The current time of variable factor data such as heat conducting oil flow, fluidized bed density, silicon powder feeding rate, catalyst feeding rate, fluidized bed reactor top pressure, methyl chloride feeding rate, heat conducting oil inlet fluidized bed temperature change rate, heat conducting oil outlet fluidized bed temperature change rate, heat conducting oil inlet fluidized bed temperature, heat conducting oil outlet fluidized bed temperature, methyl chloride side spray gun pressure and the like are input into a trained SVR reaction temperature change rate prediction model, a reaction temperature change rate predicted value in the future time can be calculated and obtained, and the reaction temperature predicted value in the future time can be obtained by accumulating the current reaction temperature value and the reaction temperature change rate predicted value, wherein the predicted value length is dependent on the reaction temperature and the delay time length of variable factors.
In some embodiments, as shown in fig. 2, the present invention further comprises the steps of:
s5: and verifying the SVR reaction temperature change rate prediction model.

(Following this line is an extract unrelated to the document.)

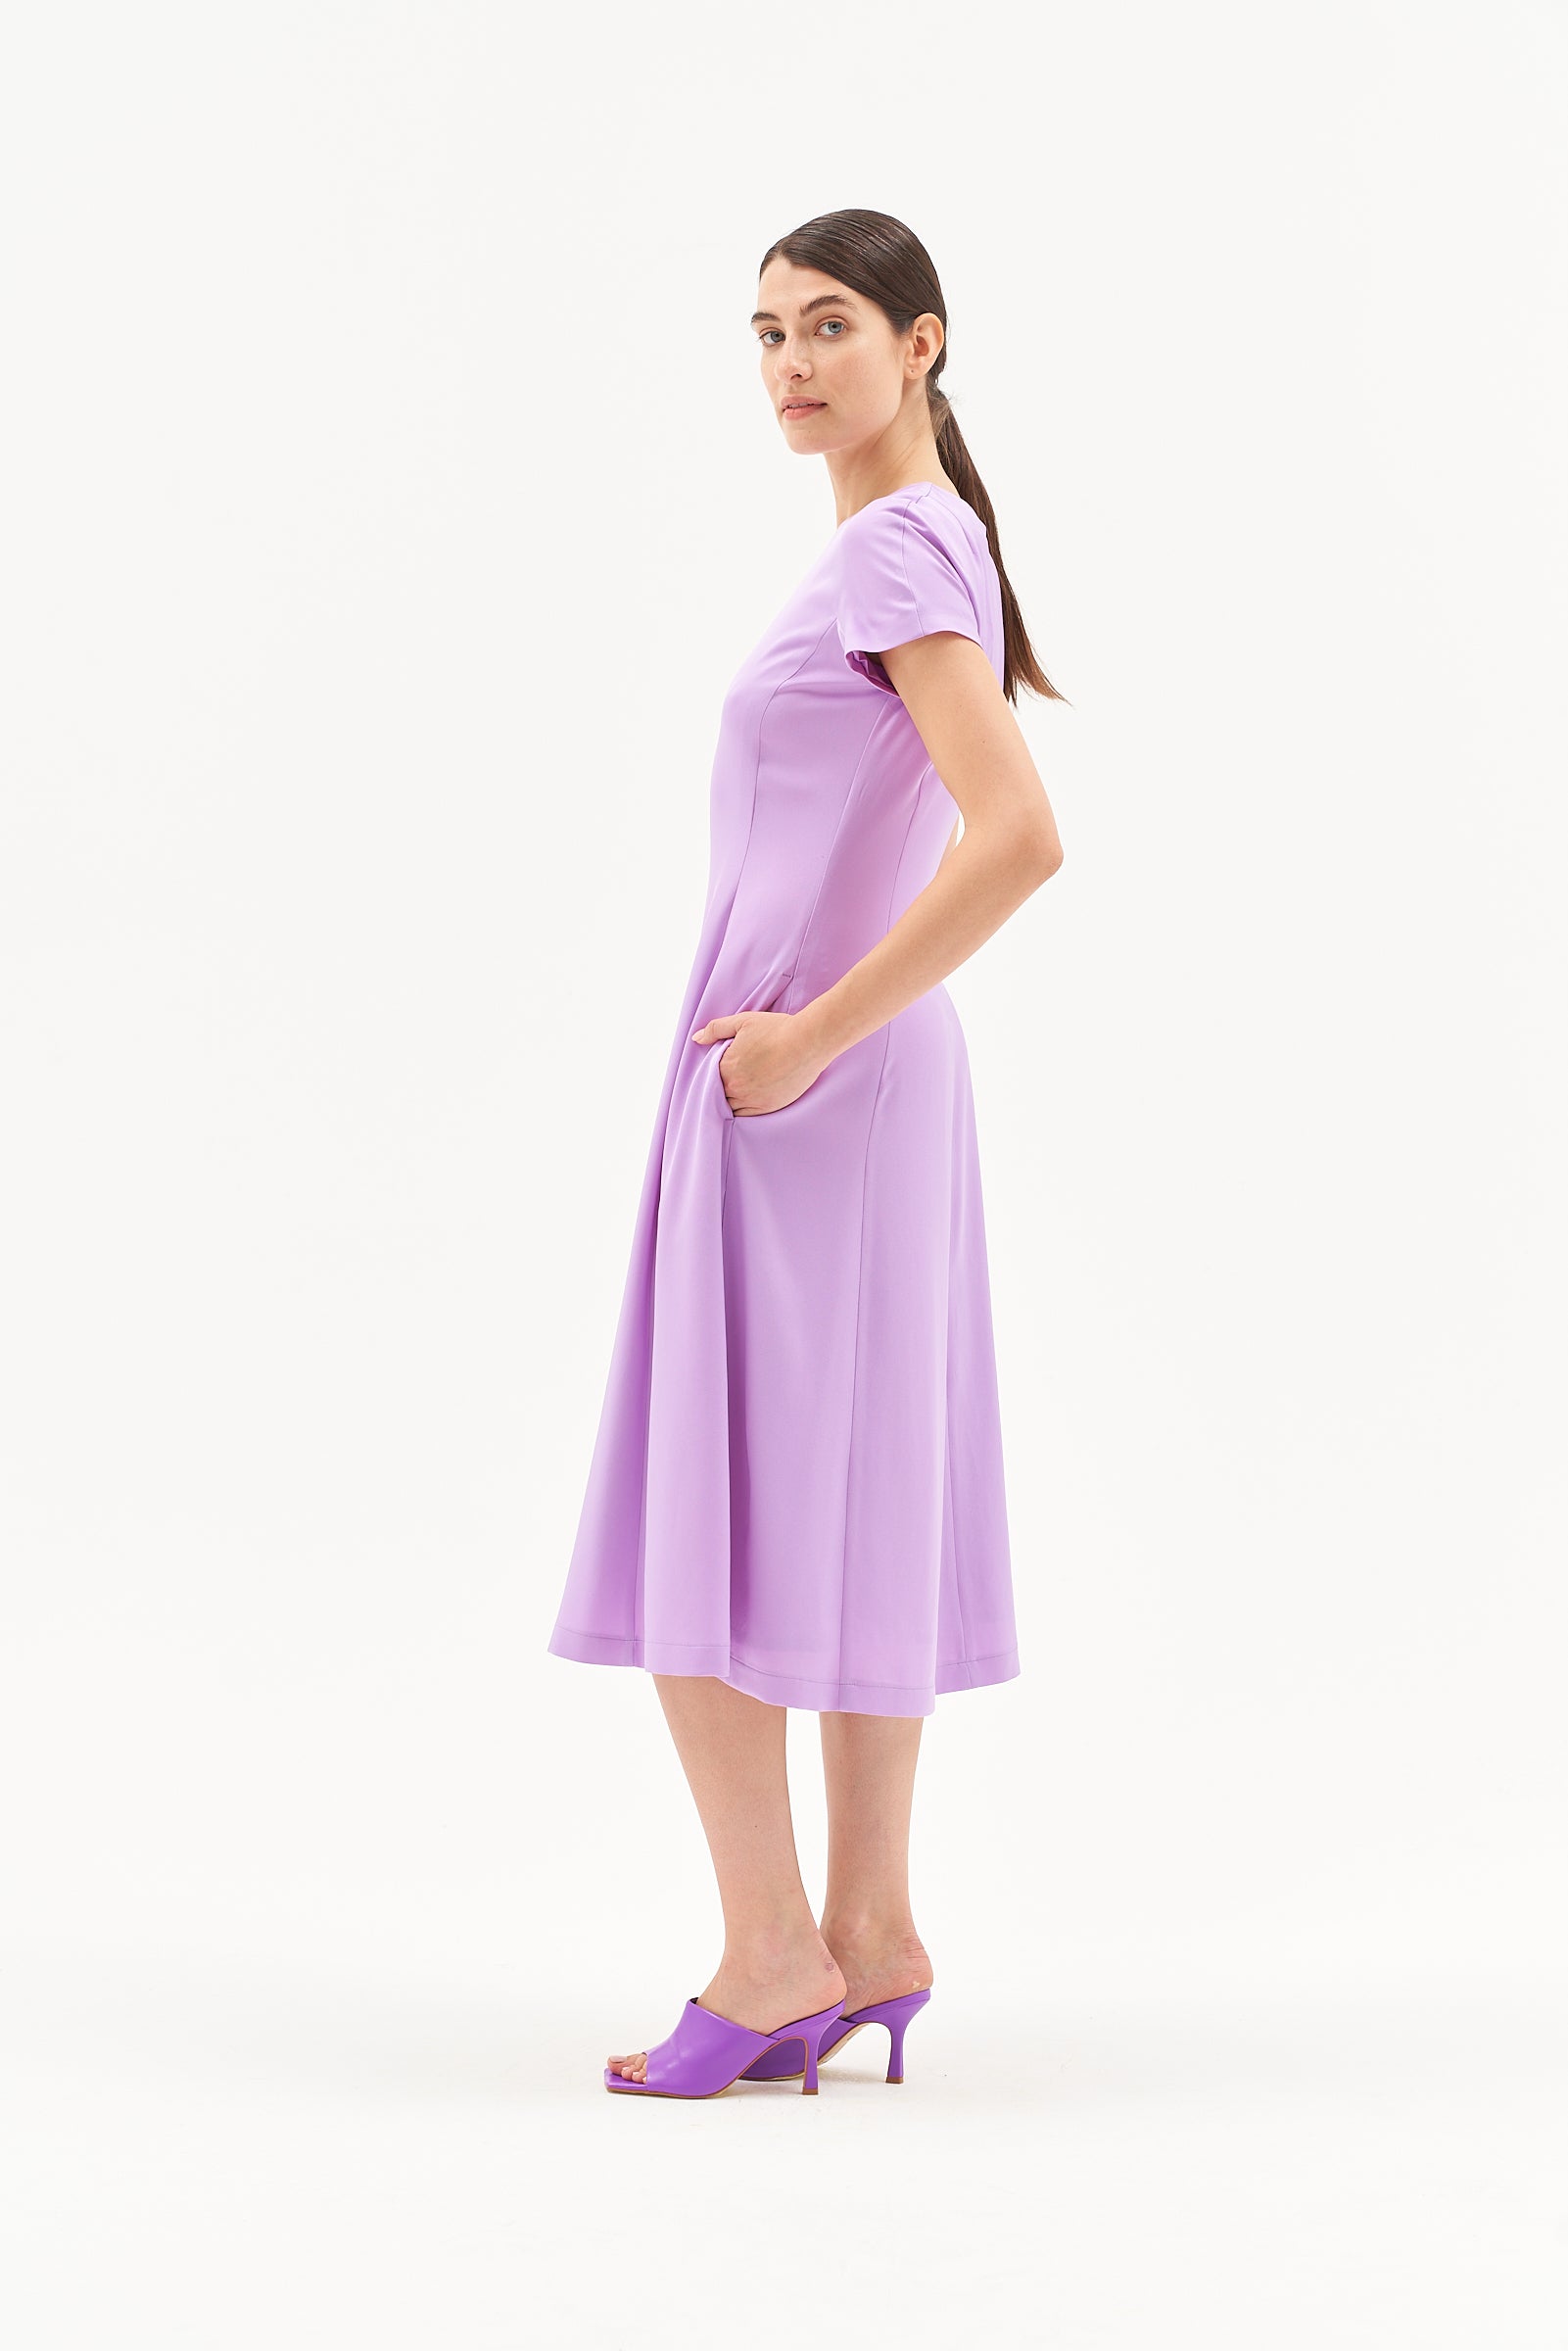 SHORT SLEEVE DRESS IN LILAC

Because of the interference of uncertainty change of the silicon powder raw material and the reactivity, a set of optimization mechanism is formulated in the running process of the model. The method comprises the steps that a reaction temperature prediction model of an MCS synthesis device is built in a timing training mode in the prediction process, namely the model needs to be trained before each prediction, wherein training data are selected to be running data of 72 hours which are the latest in a running period, the interval time of each piece of data is 10 seconds, 30% of data which are the latest in the current time are selected as verification data in the training model, the root mean square error threshold of the verification data is controlled to be within 0.1, otherwise, a batch of 48-hour data are selected backwards for retraining according to 1 hour intervals until the root mean square error of a verification set is within 0.1, the number of times of the retraining of the training data is not more than 6 times, and if the root mean square error of the verification set is larger than 0.1, the data set with the smallest root mean square error of the verification set is selected as the training data.

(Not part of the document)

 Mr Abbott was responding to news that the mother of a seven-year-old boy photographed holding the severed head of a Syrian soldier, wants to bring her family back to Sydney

In some embodiments, as shown in fig. 3, the present invention further comprises the steps of:
s6: and correcting the predicted reaction temperature value of the MCS synthesis device for a period of time in the future.
In order to improve the prediction accuracy and the directional reliability of the reaction temperature prediction model of the MCS synthesizer, it is necessary to correct the prediction value, and first, error correction is performed based on the past 10 minutes of the historical prediction error. And then correcting the direction of the predicted value trend according to the heat conducting oil inlet temperature and the heat conducting oil outlet temperature with the highest correlation with the reaction temperature, judging the direction of the predicted value when the heat conducting oil inlet temperature and the heat conducting oil outlet temperature show obvious change of the same trend, increasing the change rate weight of the predicted value with the same trend as the heat conducting oil temperature trend under the condition, and reducing the change rate weight of the predicted value with the opposite trend to the heat conducting oil temperature trend.
Those skilled in the art may make various modifications or additions to the described embodiments or substitutions thereof without departing from the spirit of the invention or exceeding the scope of the invention as defined in the accompanying claims.